“Gay movies all suck!”
As a critic who regularly reviews movies of gay interest, I hear this a lot. And while it’s undoubtedly true that there are gay movies that do suck, I’m not sure they suck at any higher rates than other genres. Do micro-budgeted gay indie movies tend to suck more? Not any more than all micro-budgeted indie movies, I’d argue. Most of us just don’t watch that many micro-budgeted movies.
And even if some gay movies do suck, there are indisputably plenty of others that don’t. In fact, when I sat down to make this annual list, I was surprised by how quickly I came up with a number of truly outstanding films. And what do you know?
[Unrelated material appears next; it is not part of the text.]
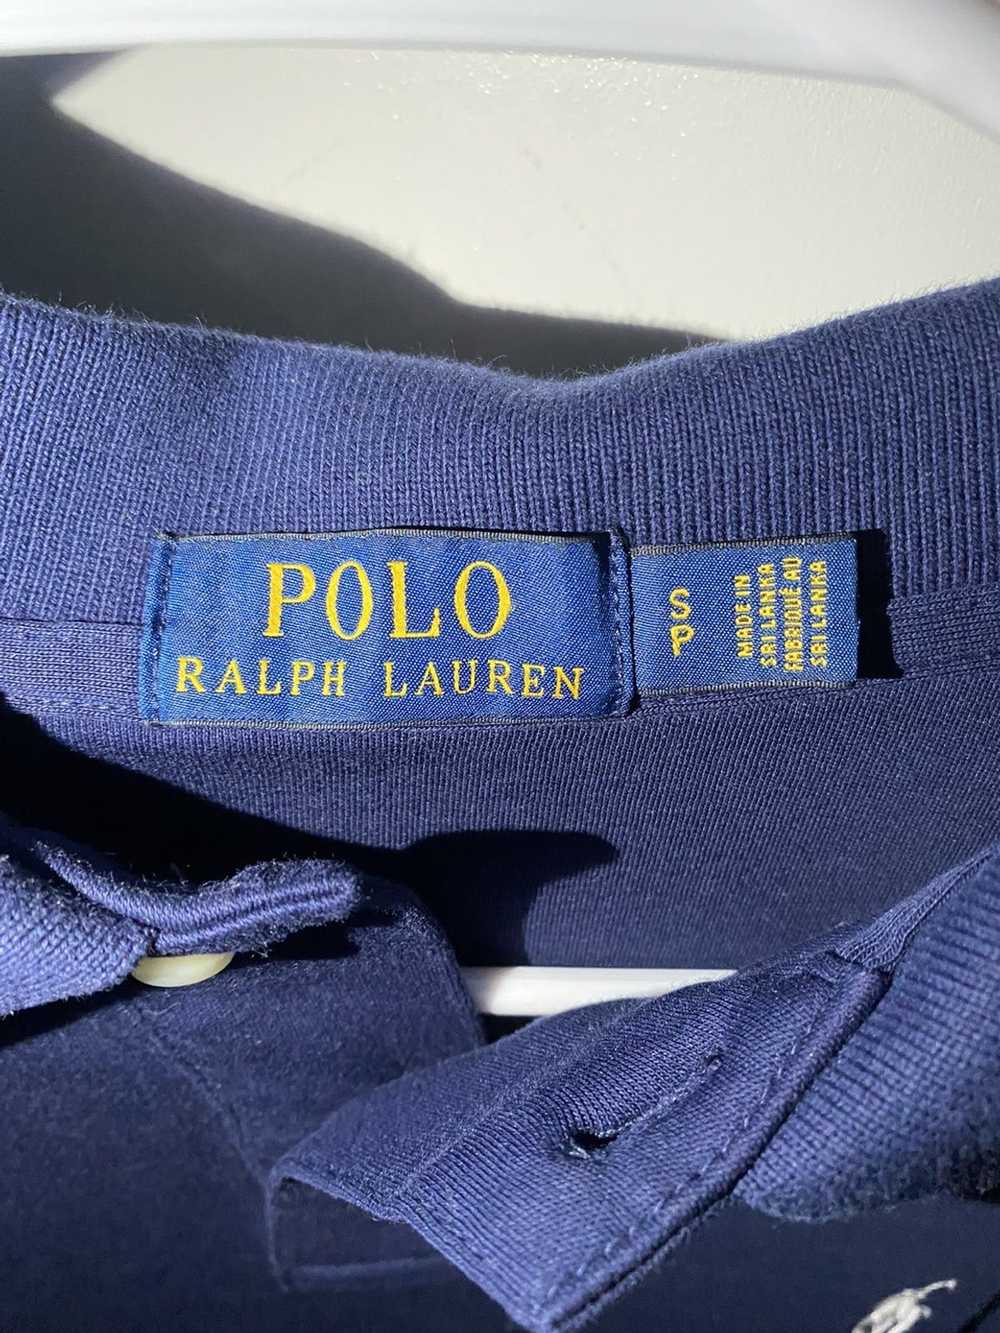 Polo Ralph Lauren Polo Ralph Lauren Polo - image 2

They all veered between “micro-budget” and “low-budget,” with a smattering of “high-enough-budget-to-at-least-pay-a-caterer” (and there’s also one studio movie).
All in all, it wasn’t a bad year for gay film — except when you consider there was only one studio film on my list, and it was far and away the least overtly “gay.”
A note of explanation: technically, some of these films were “released” before 2010, sometimes at film festivals or in a very limited theatrical run. Meanwhile, some of these movies didn’t get theatrical releases at all. The point is, would these films all meet the qualifications for Oscar nominations? Maybe not, but I’m including them in my 2010 list anyway, because this is the year they came into prominence to me and most GLBT audiences, whether through a theatrical release or a DVD one.
And so, without further ado, fire up your Netflix queue, because here are my picks for the eight best gay-themed filmed of 2010! (And yes, they’re in order, counting down to my very favorite.)
Leslie Jordan in My Trip Down the Pink Carpet
9. My Trip Down the Pink Carpet: When you meet someone who is totally comfortable in their skin, completely at peace with who they are, it’s tempting to think, “Oh, it must be so easy for them.” But this film of the one-man stage show of out actor Leslie Jordan shows that, at least for him, self-acceptance was a cold hard slog. On TV appearances like Will & Grace, Jordan comes across as something of a mischievous imp. In this movie, he comes across that way too — while also being bitter, foul-mouthed, bitchy, air head-y, dishy, raunchy, angry, and — guess what? — ultimately, very thoughtful. The movie is very bare bones, but this is still a trip worth taking.